Solar energy production is highly sensitive to weather conditions like cloud cover, temperature, and irradiation, These can cause unpredictable fluctuations in daily output. For solar companies managing multiple plants, this variability makes it difficult to plan grid operations, balance loads, and inform consumers about expected energy availability.
This project simulates a real-world scenario where a solar company operates two plants and wants to:
- Forecast next 7 day energy generation based on weather data
- Compare operational performance between plants
- Benchmark forecasting models for future deployment
By building predictive models and visualizing insights, the project supports better operational planning and showcases data driven decision making for both academic and portfolio purposes.

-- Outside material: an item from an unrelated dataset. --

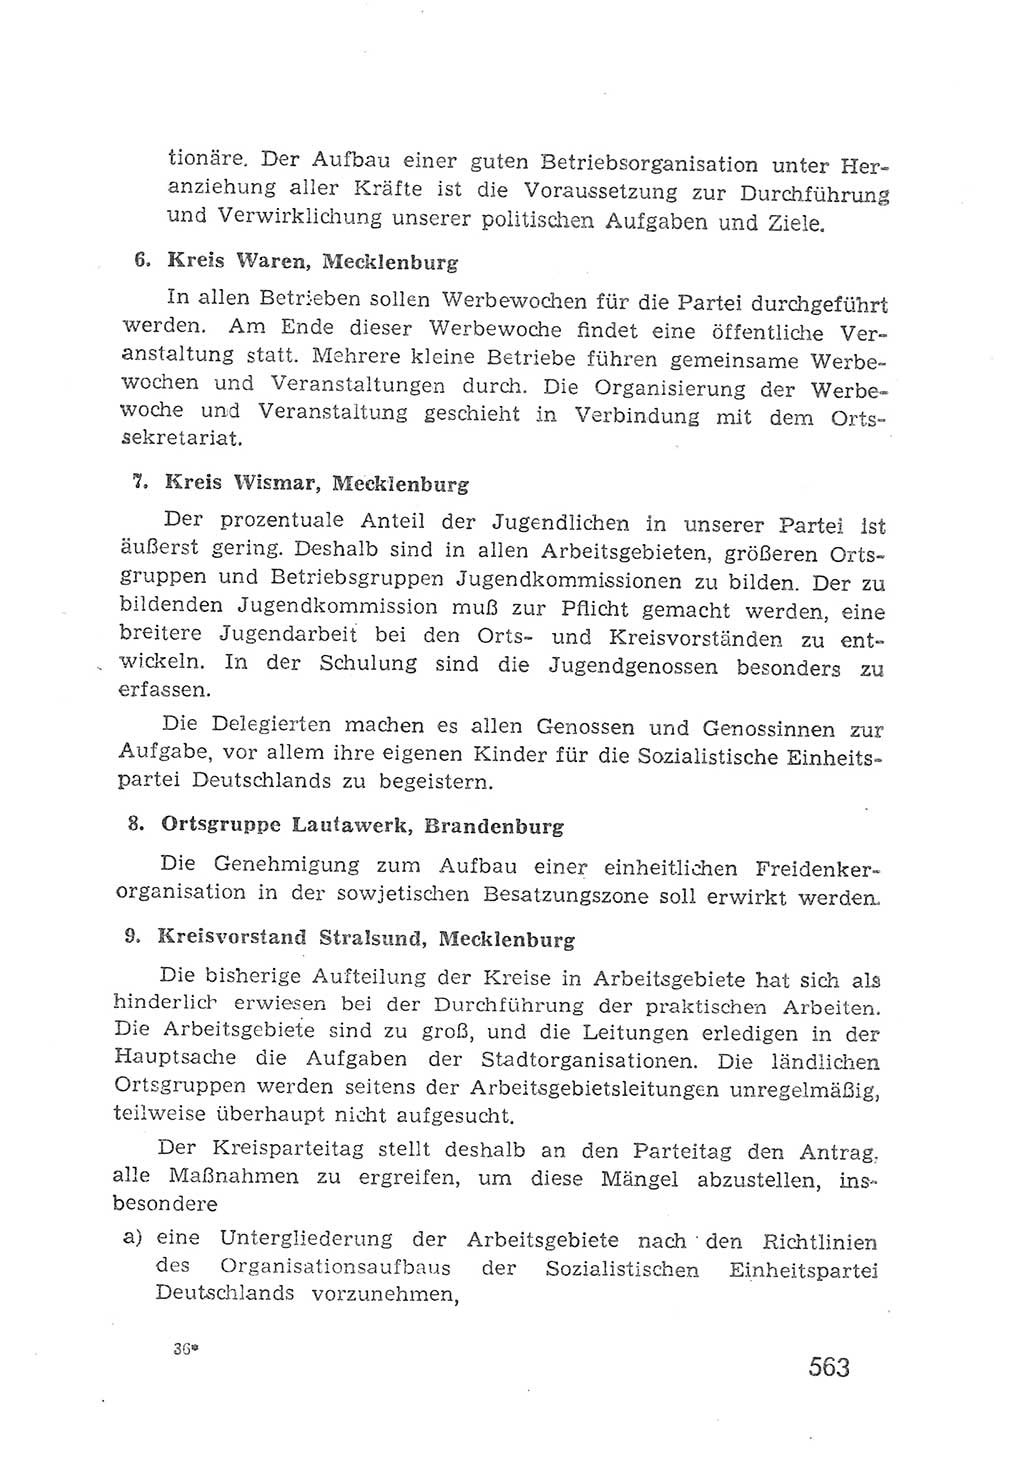 Protokoll der Verhandlungen des 2. Parteitages der Sozialistischen Einheitspartei Deutschlands (SED) [Sowjetische Besatzungszone (SBZ) Deutschlands] 1947, Seite 563 (Prot. Verh. 2. PT SED SBZ Dtl. 1947, S. 563)

This project was executed following a structured, five-phase blueprint designed to take raw solar data all the way to a dashboard-ready forecasting solution:
- Imported generation and weather data for both plants
- Cleaned nulls, duplicaes, and outliers
- Converted timestamps and extracted HOUR, DAY, MONTH features
- Merged weather + generation data on timestamp and source key
Outcome: Two clean datasets—plant1_merged.csv and plant2_merged.csv
Investigated how weather variables influence energy generation
Key visualizations included
- IRRADIATION vs DC_POWER correlation Daily Yield trends over time.
- Hourly generation patterns (peak hours)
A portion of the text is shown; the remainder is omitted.